Thursday, September 20, 2012

Quotations Of The Day: Why Rand Continues To Matter Edition

Paul Krugman uses an Eric Cantor tweet to explain how Ranidan thought dominates certain circles:
“Today, we celebrate those who have taken a risk, worked hard, built a business and earned their own success.”

This all makes sense in the Ayn Rand intellectual universe, where a handful of heroically greedy entrepreneurs are responsible for all that is good. And if you live in that universe, your dividing line between makers and takers isn’t drawn at the point where people make enough to pay income taxes; everyone who isn’t John Galt should be grateful for what the Galts do, and we’re all takers by asking those heroes to pay any taxes at all.
Ed Kilgore illustrates how this Randianism to its logical conclusion:
Think about it. A large percentage of GOP economic policy thinking is based on the assumption that minimizing business costs is the alpha and omega of growth and competitiveness. Not only taxes and regulations, but also wages and benefits, need to be kept as low as possible. The whole idea of “human capital” being a national asset worth cultivating—a universally accepted notion in the 1990s—has all but been lost on the right.
Accordingly, if you don’t fall into the charmed circle of “job creators;” if you don’t own your own business, or have enough wealth to make significant capital investments; then your job, it appears, is to bear down, shut up, and do what you can to make life easier for your bosses.
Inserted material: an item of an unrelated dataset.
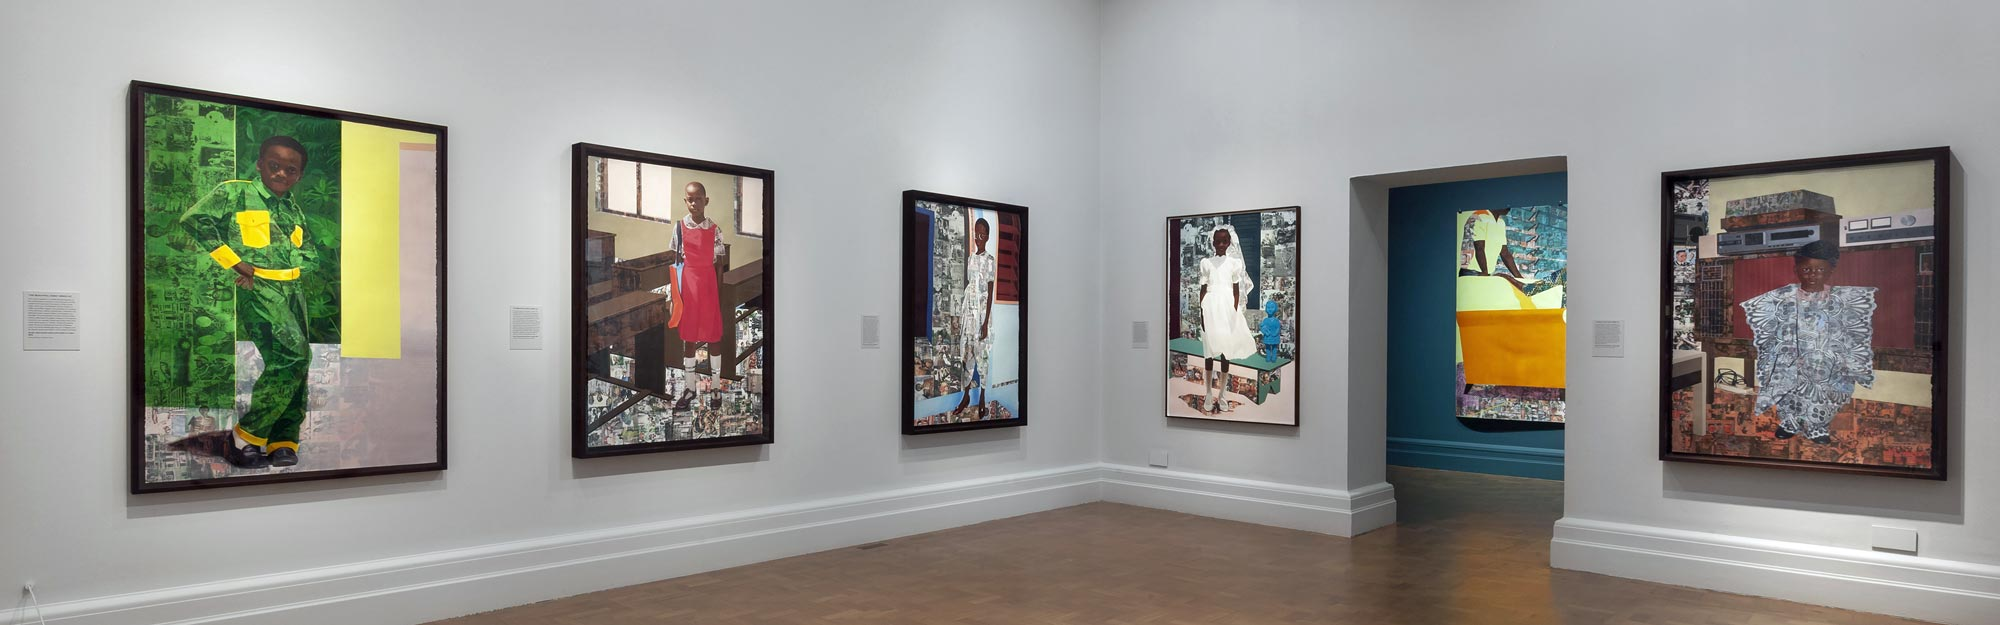 "Njideka Akunyili Crosby: ""The Beautyful Ones"" courtesy National Portrait Gallery"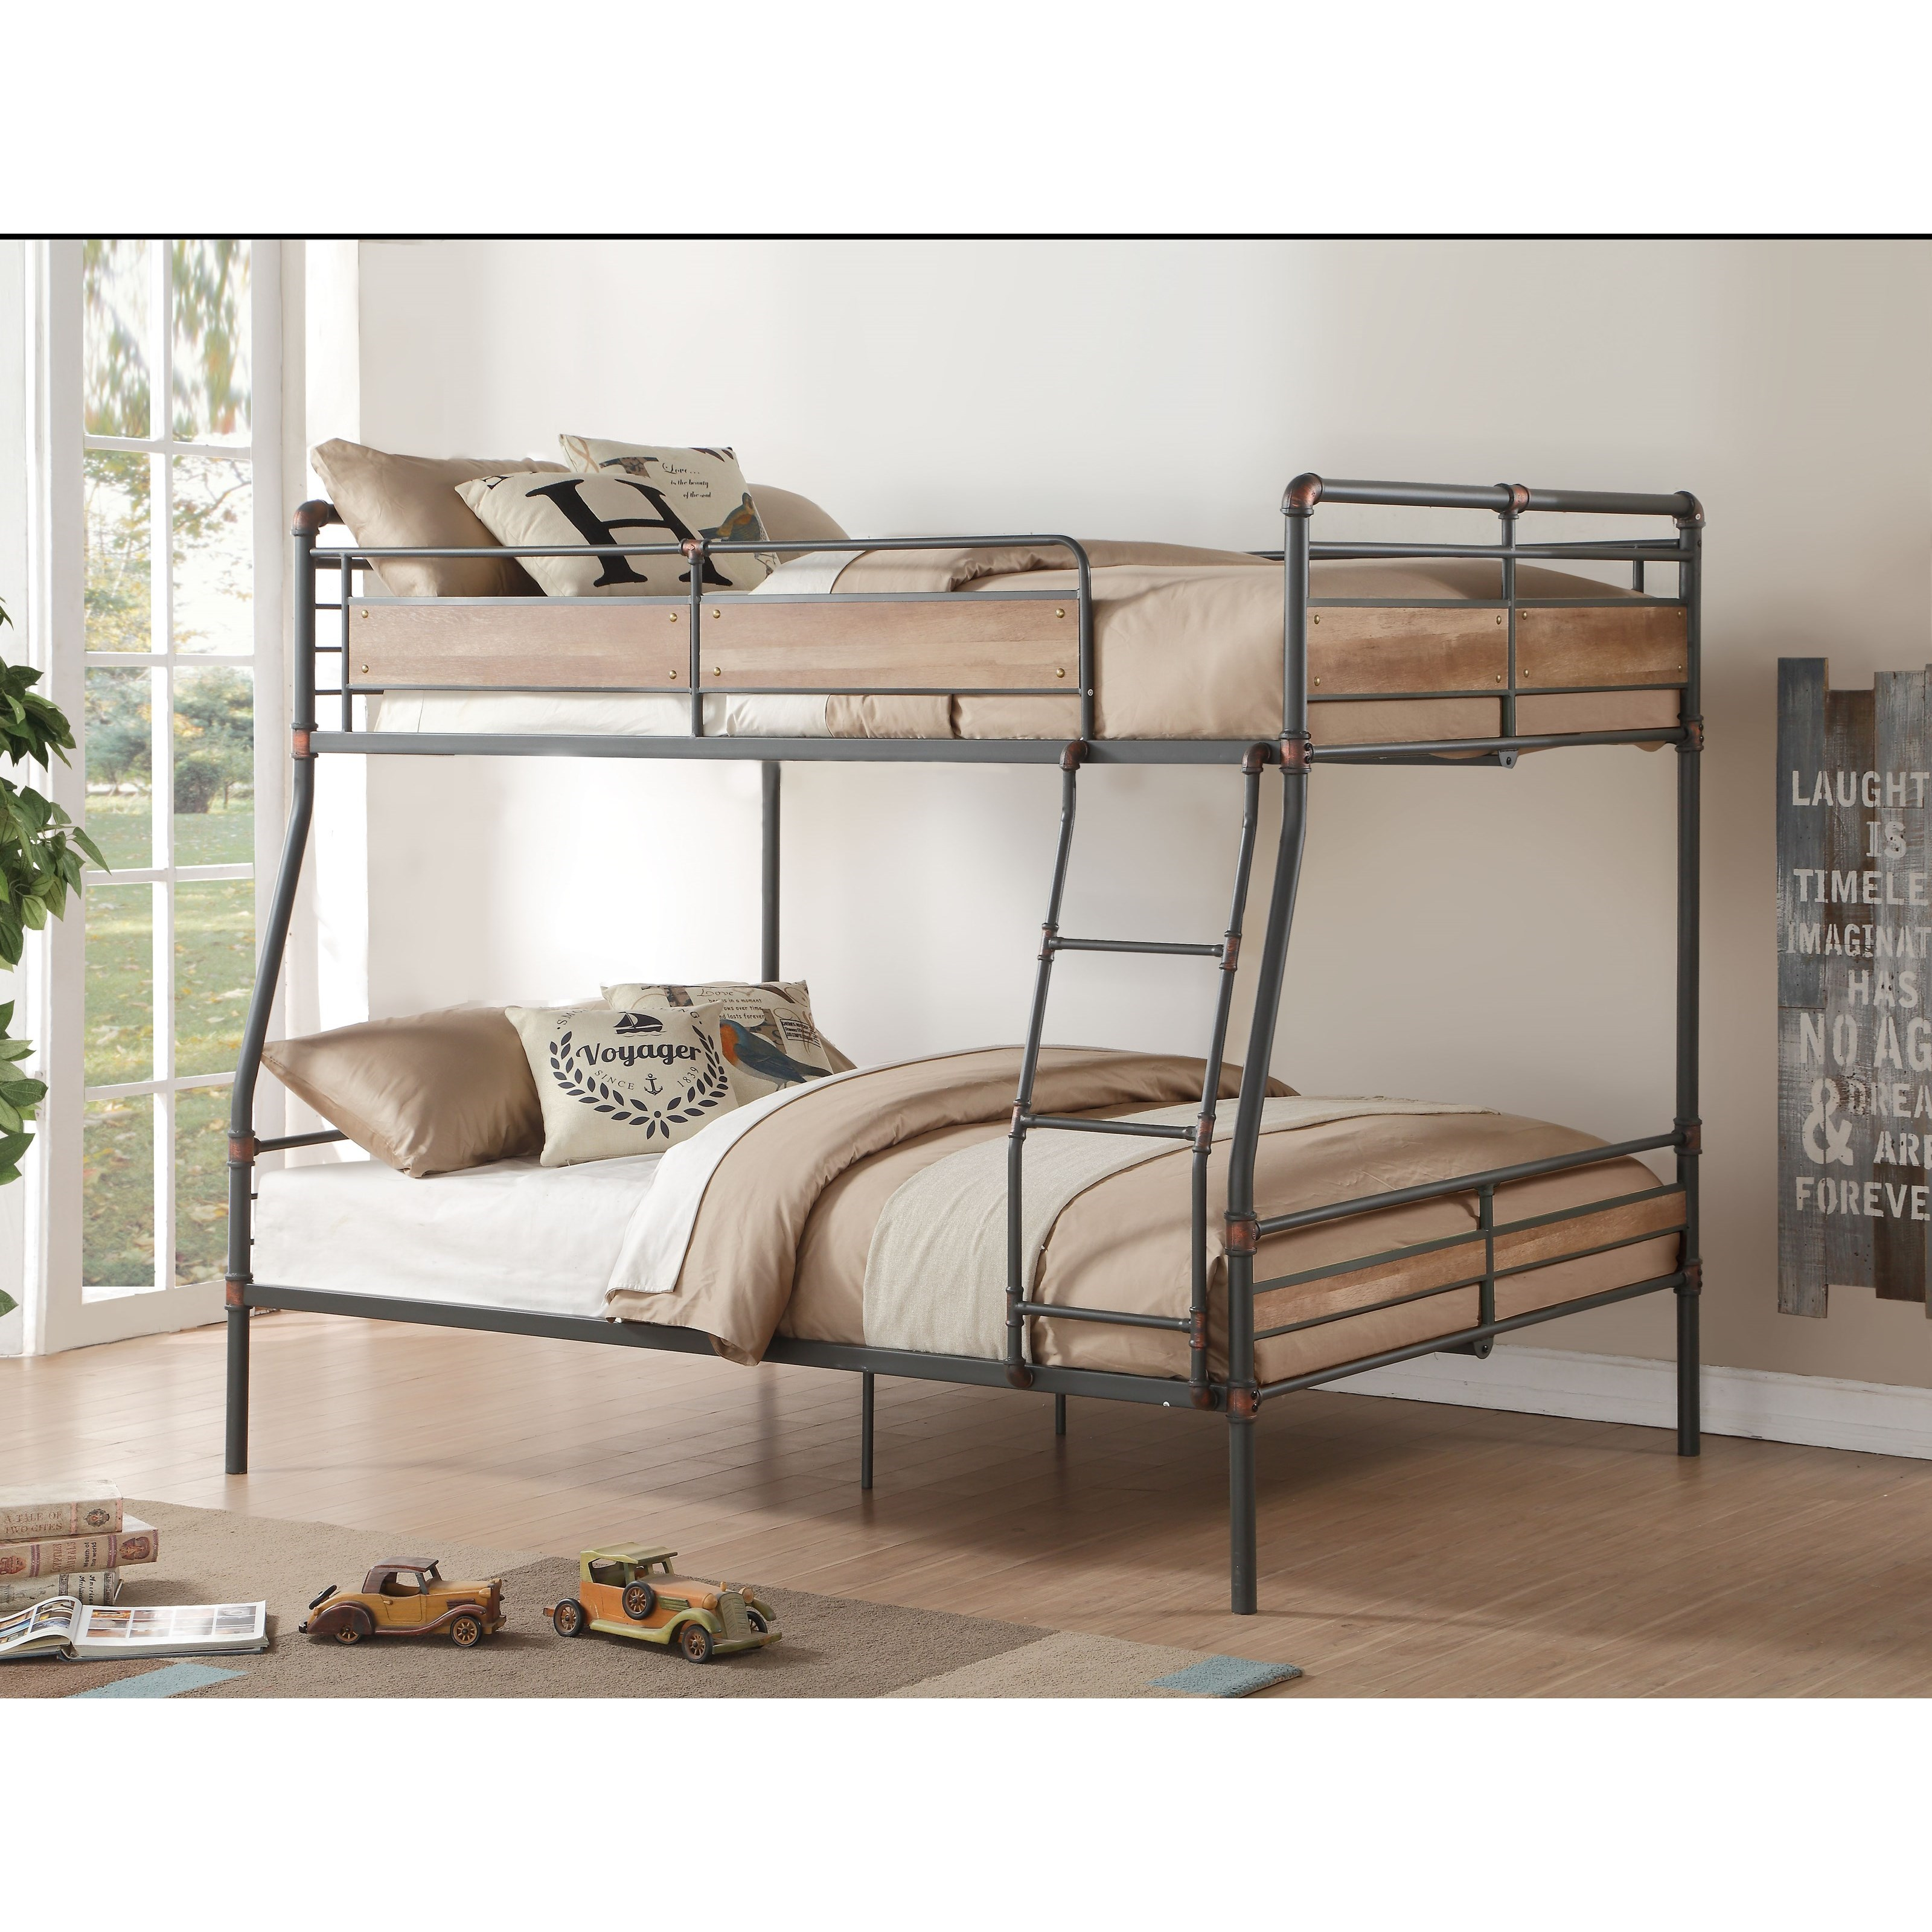 Picture of: Acme Furniture Brantley Ii Industrial Full Xl Over Queen Bunk Bed Dream Home Interiors Bunk Beds

Abandon that union; stop asking for pay increases; gracefully accept that shift from defined benefit to defined contribution pensions, or from any pension to none; pay your taxes and stop worrying about the tax rates paid by your superiors—you’re lucky they pay them at all, given the fact you already owe them your daily bread, everything you own, and your very life.
Kilgore and Krugman should have added that the current Randian Republicans have decided to treat their theory as a categorical imperative, blissfully forgetting that Kant's first formulation includes treating people as an end unto themselves and never the means an end.